Other brands like skincare merchant Hey Day and men’s razor vendor Harry’s have partnered on a joint product venture. Both brands had a commercial interest in demystifying skincare for men, and could tap into each other’s audiences whilst splitting the R&D costs of developing a new formula.
In another canine-based mash-up, dog product brand Barkbox and beauty brand Glossier came together to create limited edition dog toy versions of the latter's skincare range. Although seemingly not an obvious fit for a collaboration, the result was some hugely Instagram-able shots of cute dogs enjoying the toy - great for the brand awareness of both businesses.

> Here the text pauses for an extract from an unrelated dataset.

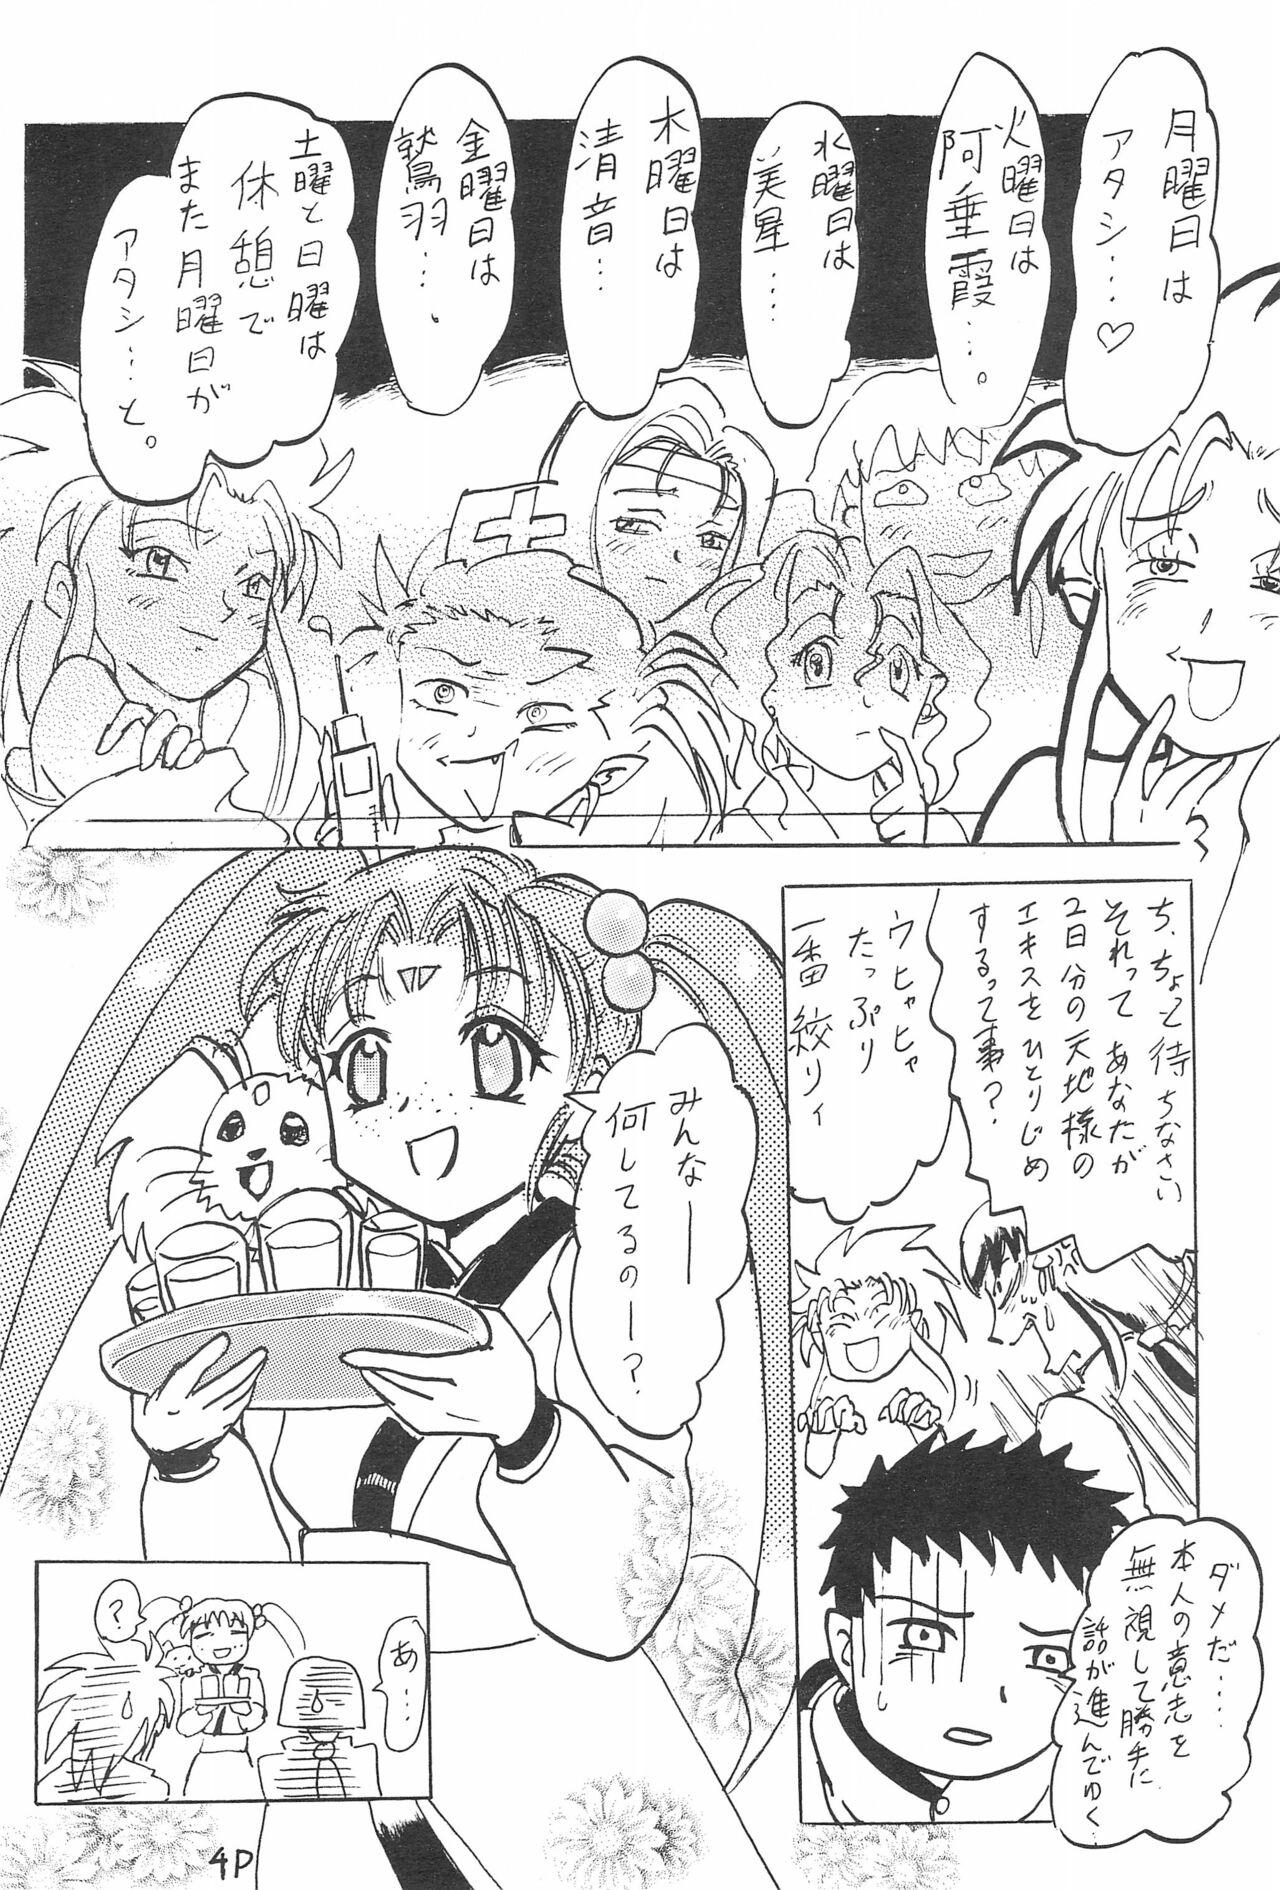 Alt Aniome Imouto Ou 1 - Cardcaptor sakura Tenchi muyo From - Page 8

How to create a brand partnership
There is no proven model that brands need to stick to when creating a partnership. In all areas of business operations, there are areas to collaborate and partner with other brands that align with your values and audience. A great way to create a low-barrier partnership is through content. Whether this is a shared video series, case study, white paper or webinar, offering useful and engaging content across both parties audiences can be incredibly powerful. Event partnerships can also prove extremely valuable, where an offline experience can add a deeper connection to a brands narrative where customers can be attracted from both parties and share the costs. Another example can come in the form of product partnerships, much like Drip Kit and Verve collaboration, where different brands come together to build a limited edition or exclusive product that speaks to the same audience. The globally recognised Apple + Nike partnership is testament to this, with more modern examples like Rapha x Outdoor Voices are trying to emulate that success.